“Consider organized anarchies.” (Cohen, March and Olsen, 1972)

Product management exists within the context of organized anarchies. Within that context, product managers do their best to create, read, update, and destroy elements of a product roadmap.

There are a few definitions of what a product roadmap is.

From Atlasssian: “A product roadmap is a shared source of truth that outlines the vision, direction, and progress of a product over time.”

Another: “A product roadmap can be seen as a key element of an organization that maps out the vision and direction of the product offering. It describes the way how a product or a product portfolio is going to meet a set of business objectives and the work that is required to get there.” (Münch, Trieflinger and Lang, 2019)

One of my favourite descriptions of a roadmap comes from Pablo Bouzada, below:

A misleading roadmap: “We will follow this linear path from zero to our inevitable victory, and these are the milestones that will get us there.

An honest roadmap: “We know where we are today, and have a good idea about the near future, but recognize that the future becomes uncertain.”

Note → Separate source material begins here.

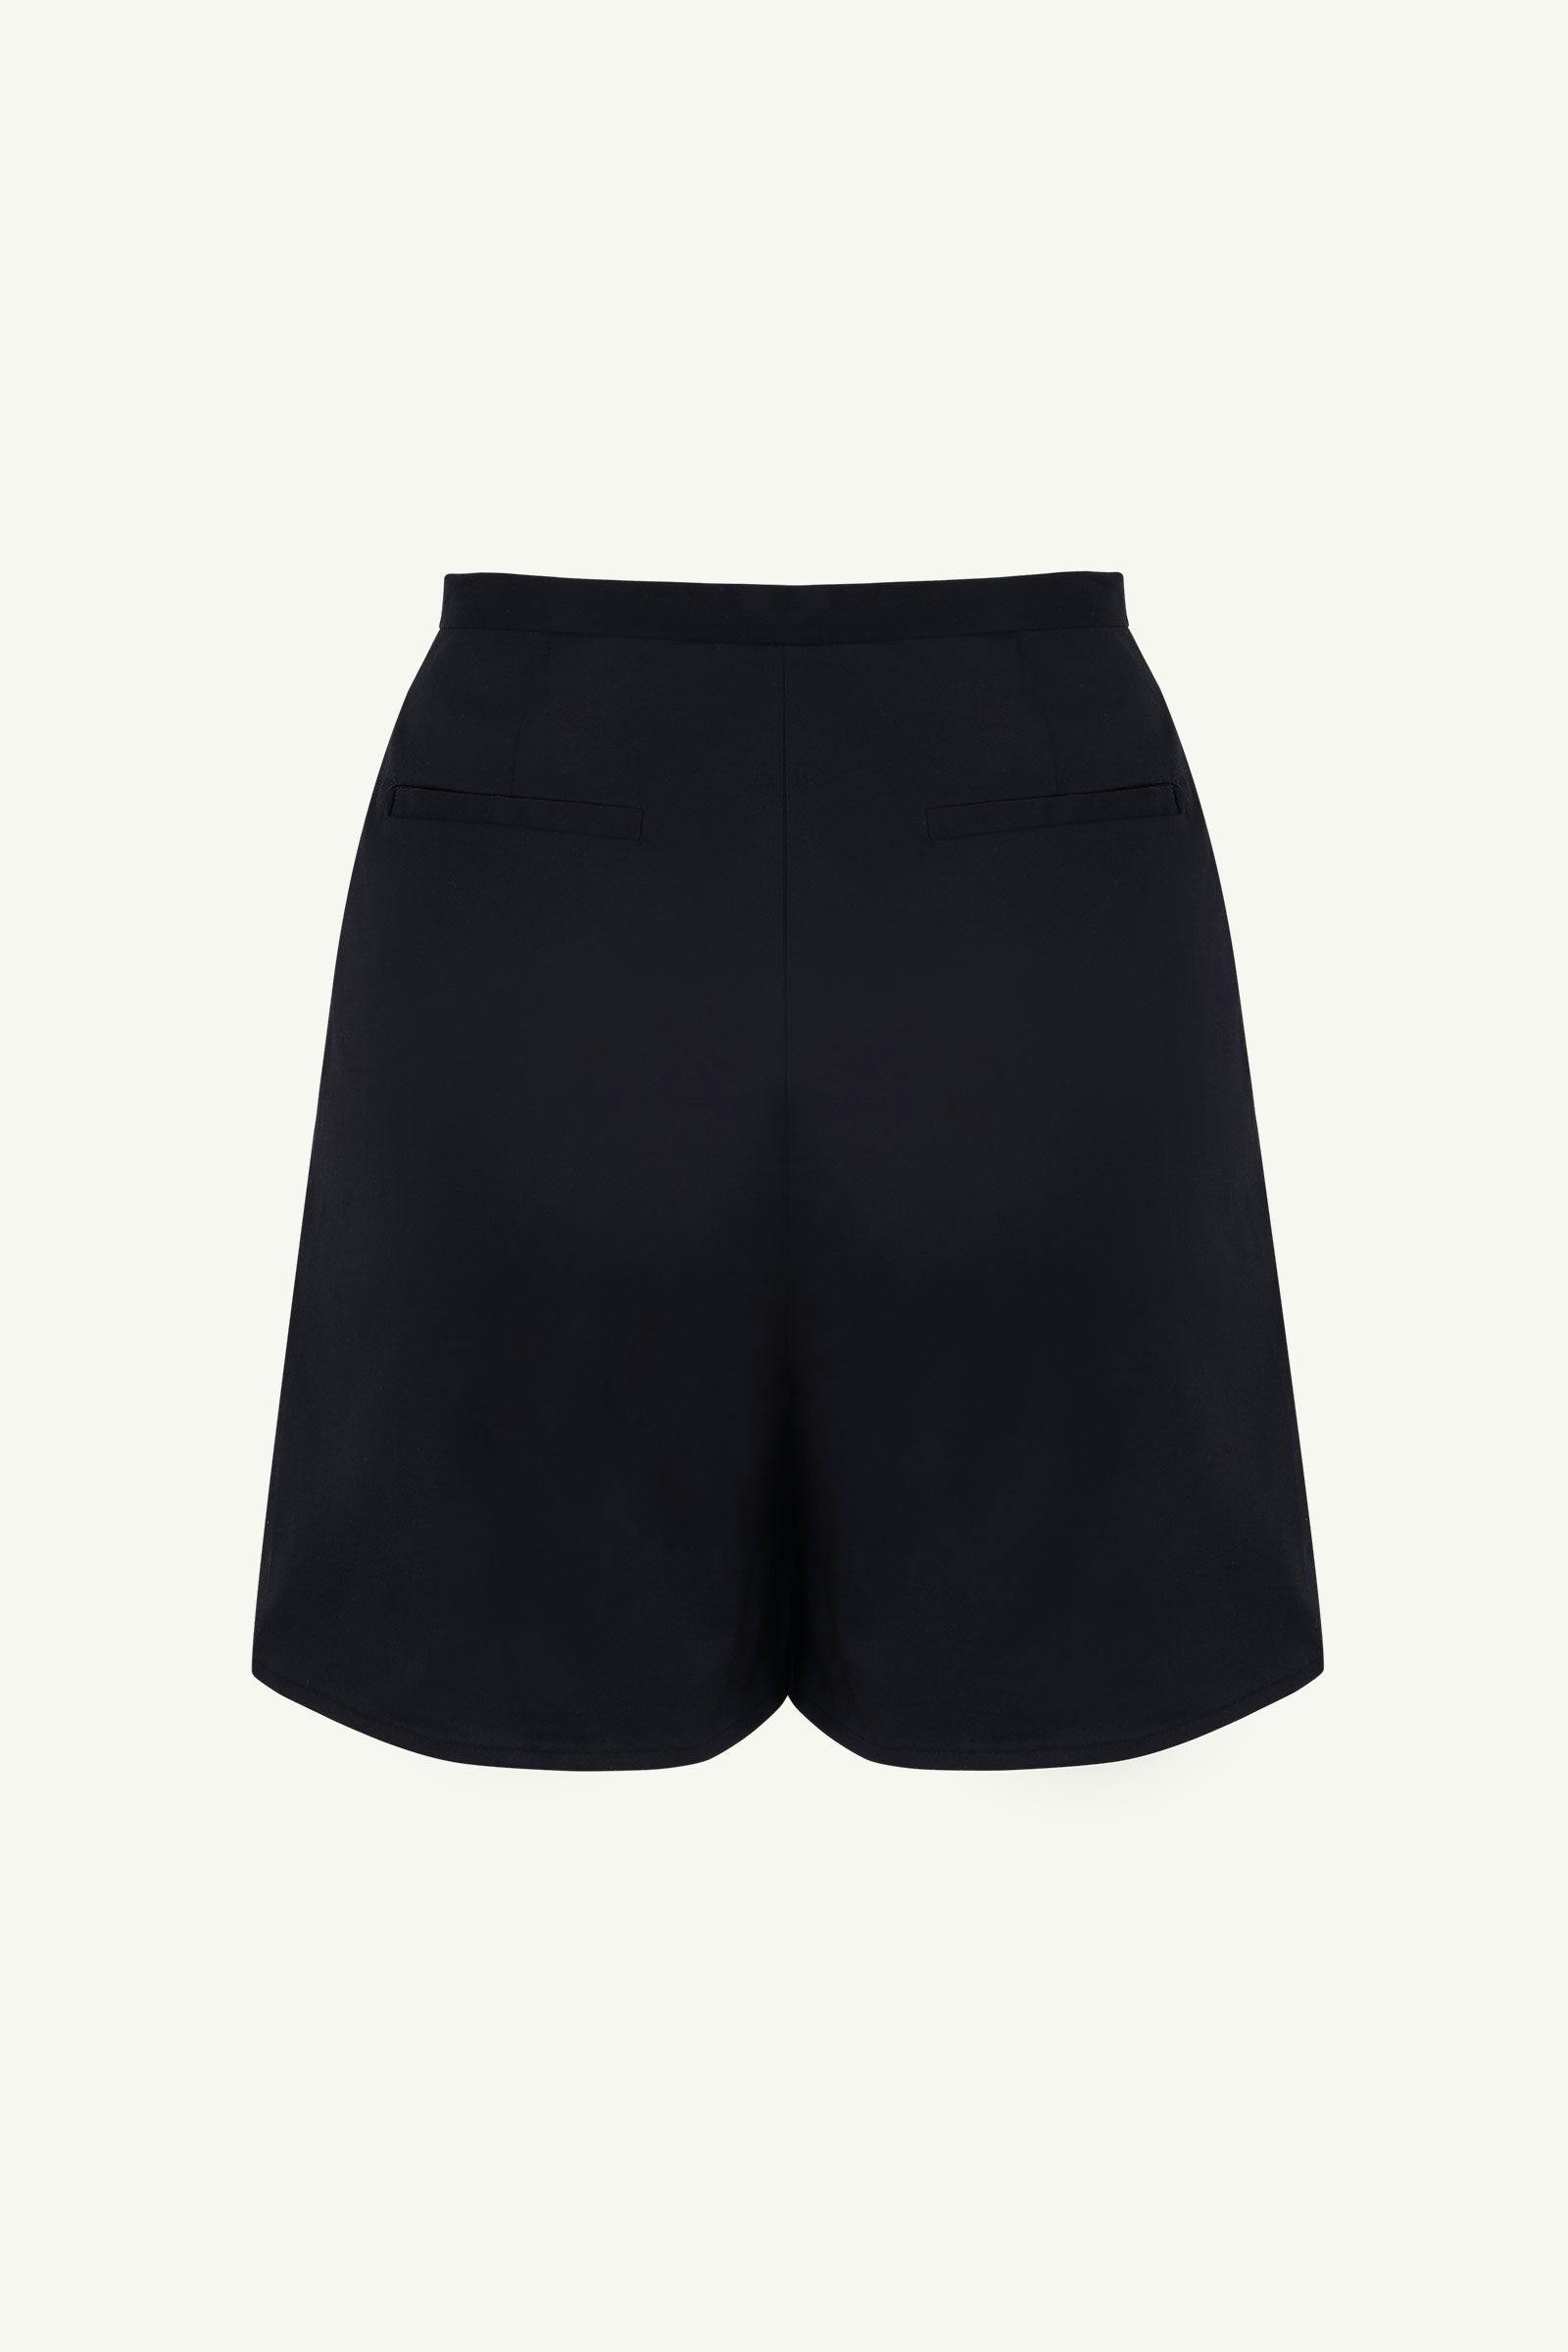 Tab Shorts | 100% Organic Cotton Women's Navy Colour Shorts | Something ...
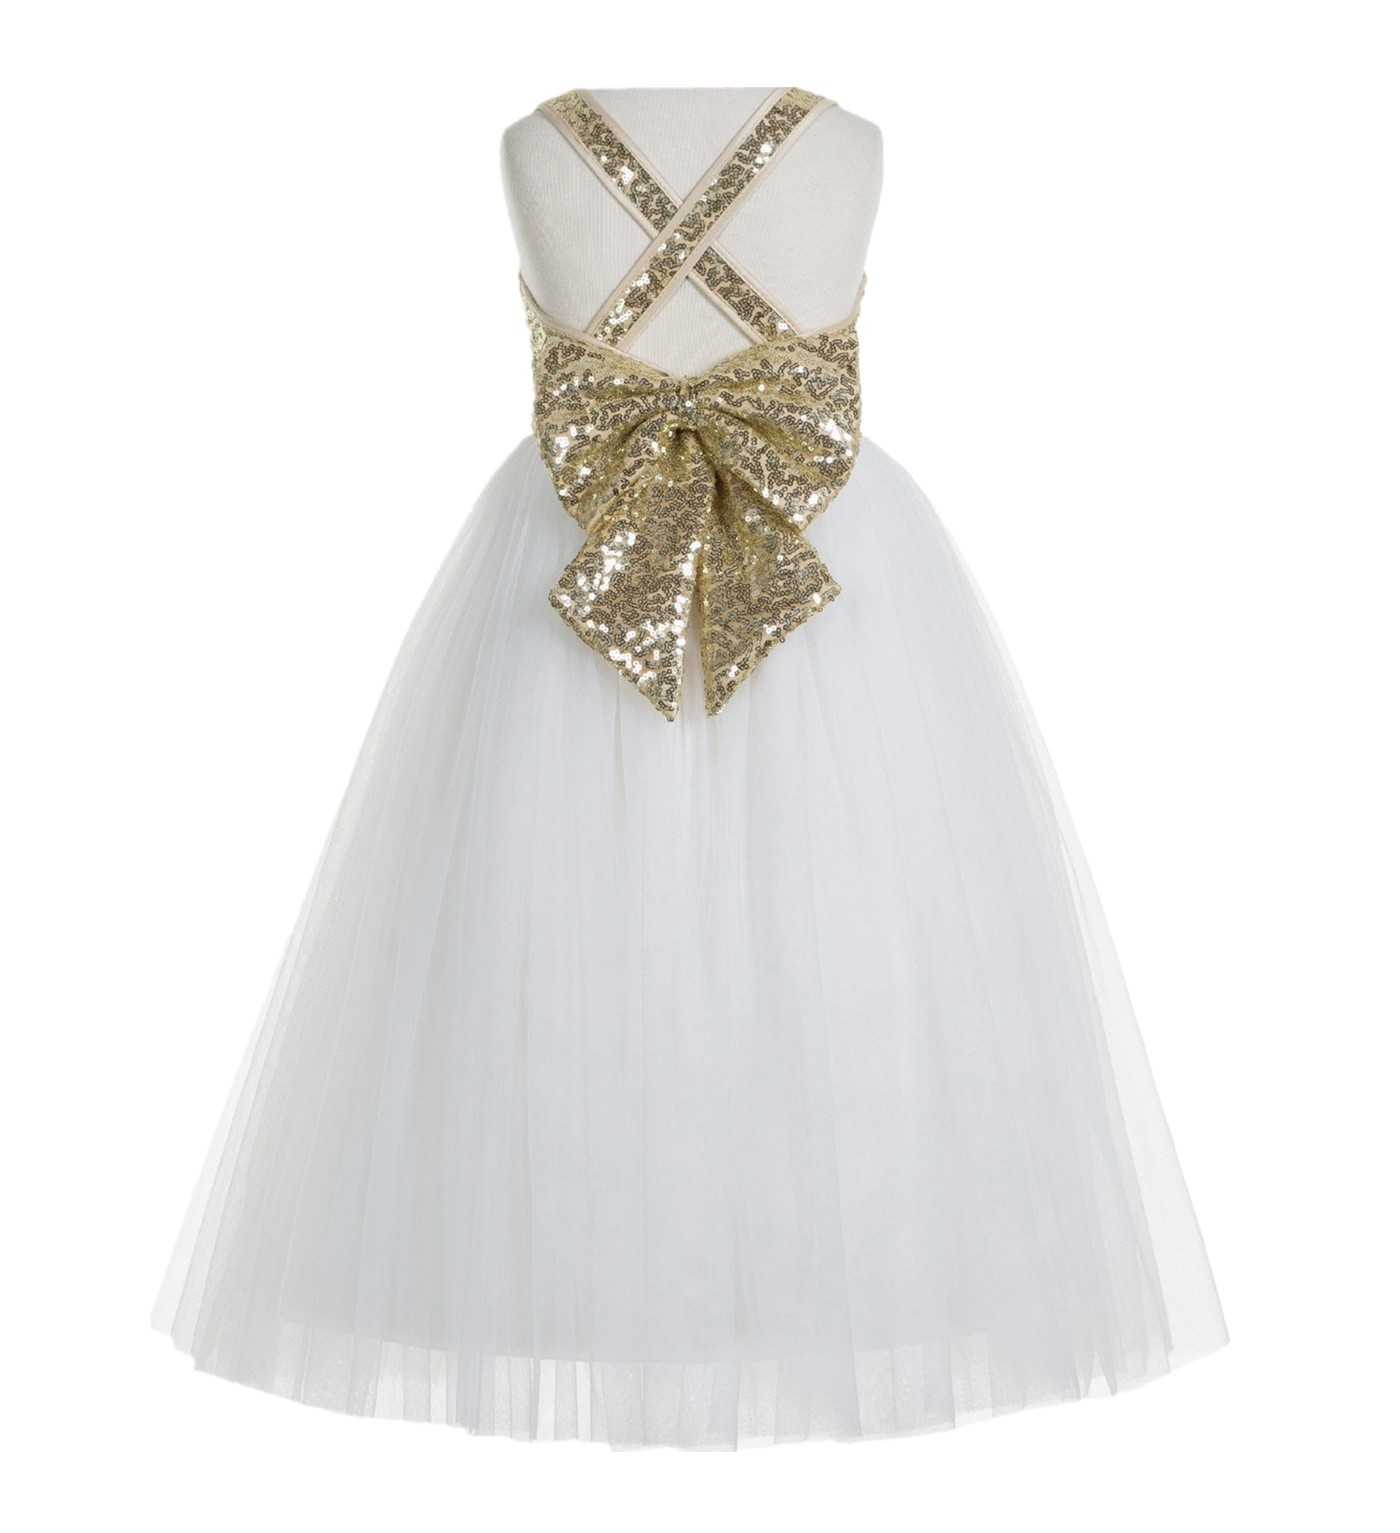 Gold / Ivory Crossed Straps A-Line Flower Girl Dress 177

A strategic roadmap: “We know where we are today, and anticipate decision points that will change our path. We are intentionally gathering the data that will help us make those decisions.”

Certainty As A Good

Different people value certainty differently. Different organizations do too. There are some organizational cultures, what Laloux (2016) would call Blue Organizations with Blue Leadership that drive the uncertainty out of everything. Sometimes they do this to the point of valuing certainty over results.

Certainty wicks insecurity away from a decision.

There is a way to avoid the hazards of Blue leadership styles.

One heuristic comes from Colin Powell – the 40/70 rule. Put simply, if you make a decision with only 40% of the information in place, you’re calling it too early. If you want for more than 70% of the information, you’re calling it too late. The sweet-spot is between 40% and 70%.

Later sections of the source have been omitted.